Мосье Уайльд, решивший, что перед ним пьяный или безумец, громко топая, удалился. Хорошенькая консьержка (плоть есть плоть, красное жало по-французски l’aiguillon rouge[50], и любовь моя не была бы против) вновь принялась жестикулировать. Он встал и подошел к ее стойке. Отель в Стрезе сейчас восстанавливают после пожара. Mais[51] (подняв прелестный указательный пальчик) —

Всю свою жизнь, и мы рады это отметить, наш Пёрсон испытывал прелюбопытное ощущение (знакомое трем известным теологам и двум второстепенным поэтам), что за его спиной – так сказать, у его плеча – находится незнакомец, который выше, несравнимо мудрее, увереннее, сильнее и лучше в нравственном отношении, чем он. Фактически то был его главный «умбральный спутник» (один клоунский критик сделал R. выволочку за этот эпитет), и если бы при нем не было этой прозрачной тени, мы бы не стали утруждать себя рассказом о нашем дорогом Пёрсоне. Преодолевая короткое расстояние, отделявшее его кресло в холле от очаровательной шеи, пухлых губ, длинных ресниц и скрытых прелестей девушки, Пёрсон чувствовал, как что-то или кто-то предупреждает его, что ему следует немедленно покинуть Витт и отправиться в Верону, Флоренцию, Рим, Таормину, раз Стреза недоступна. Он не внял своей тени и по большому счету, возможно, был прав. Мы полагали, что у него впереди еще несколько лет плотских утех; мы были готовы как по волшебству перенести эту девушку в его постель, но, в конце концов, тут уж ему решать, ему умирать, если ему так хочется.

Mais! (чуть сильнее английского «but» или даже «however»[52]) у нее были для него и хорошие новости. Он ведь хотел перебраться на третий этаж, не так ли? Он может это сделать сегодня же вечером. Дама с собачкой уедет до ужина. Довольно забавная история. Оказалось, что ее муж занимается присмотром за собаками, хозяевам которых нужно отлучиться на время. Наша дама, сама отправляясь в поездки, обычно брала с собой маленького зверька, выбирая какого-нибудь из самых грустных. А сегодня утром позвонил ее муж и сказал, что хозяин собачки вернулся домой раньше и, страшно негодуя, требует своего питомца обратно.

26

Отельный ресторан, мрачноватое, обставленное в деревенском стиле заведение, был почти пуст, но на другой день ожидались два больших семейства, а затем, во второй, более дешевой половине августа, должен был или должен будет (складки грамматических времен сильно путаются, когда речь заходит об этом здании) заструиться довольно милый ручеек немецких туристов.
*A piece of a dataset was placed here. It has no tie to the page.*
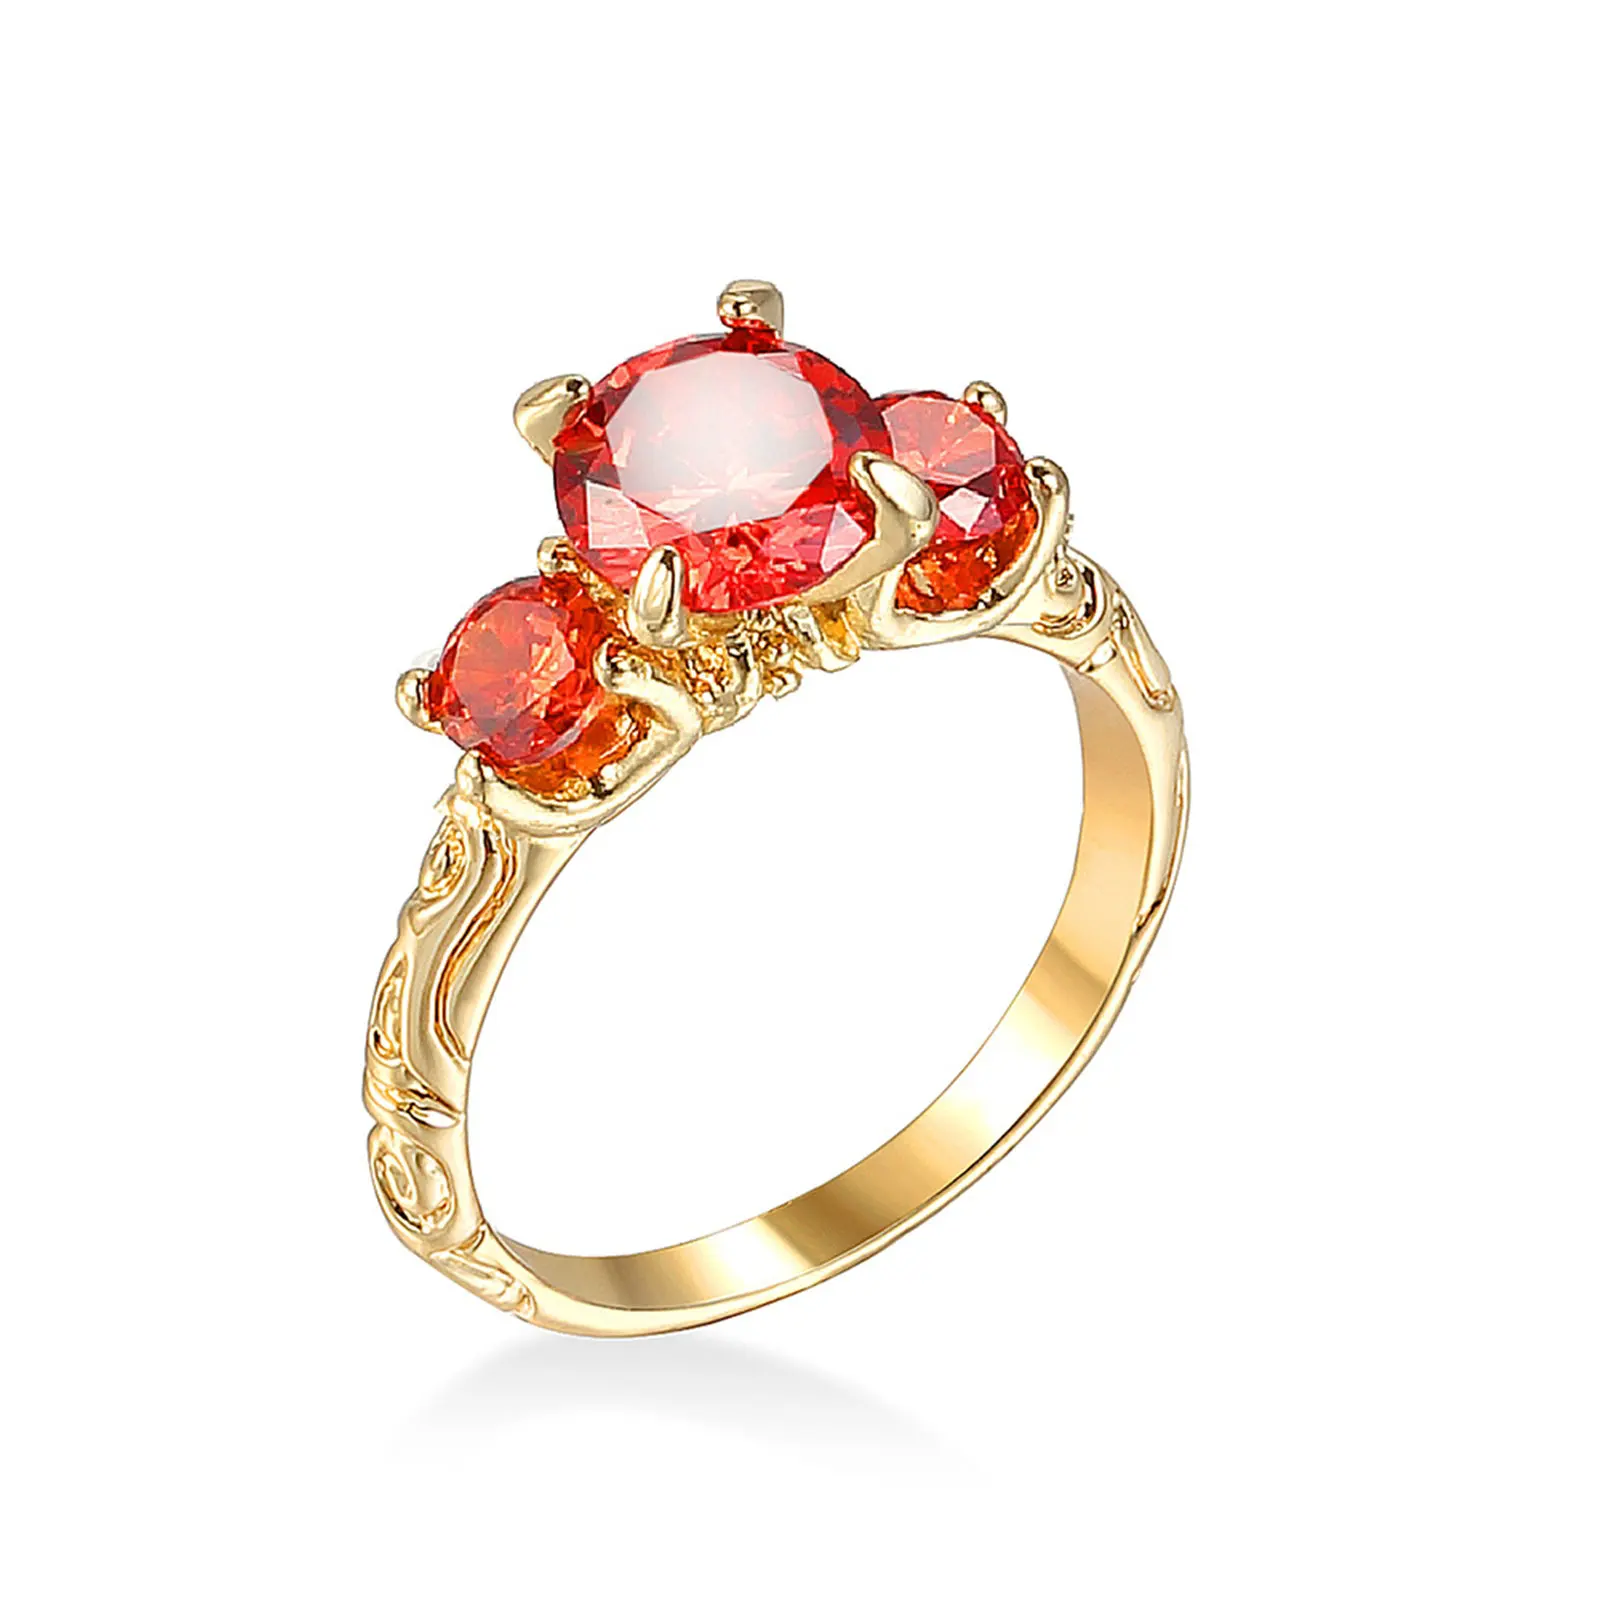 

Женский комплект из кольца и сердца, винтажное ювелирное изделие из меди с красным крупным изящным драгоценным камнем

Новая невзрачная девушка в фольклорном костюме, обнажавшем значительную часть ее пышной сливочной груди, заменила младшего из двух официантов, а левый глаз грозного метрдотеля скрывала черная повязка. Нашего Пёрсона должны были переместить в комнату 313 сразу после ужина; он отпраздновал предстоящее событие, выпив свою достаточно разумную дозу спиртного – Кровавый Иван (водка с томатным соком) перед гороховым супом, бутылка рейнского под свинину (выданную за «телячьи котлеты») и двойной бренди к чашке кофе. Мосье Уайльд отвернулся, когда помешанный или одурманенный наркотиком американец проходил мимо его стола.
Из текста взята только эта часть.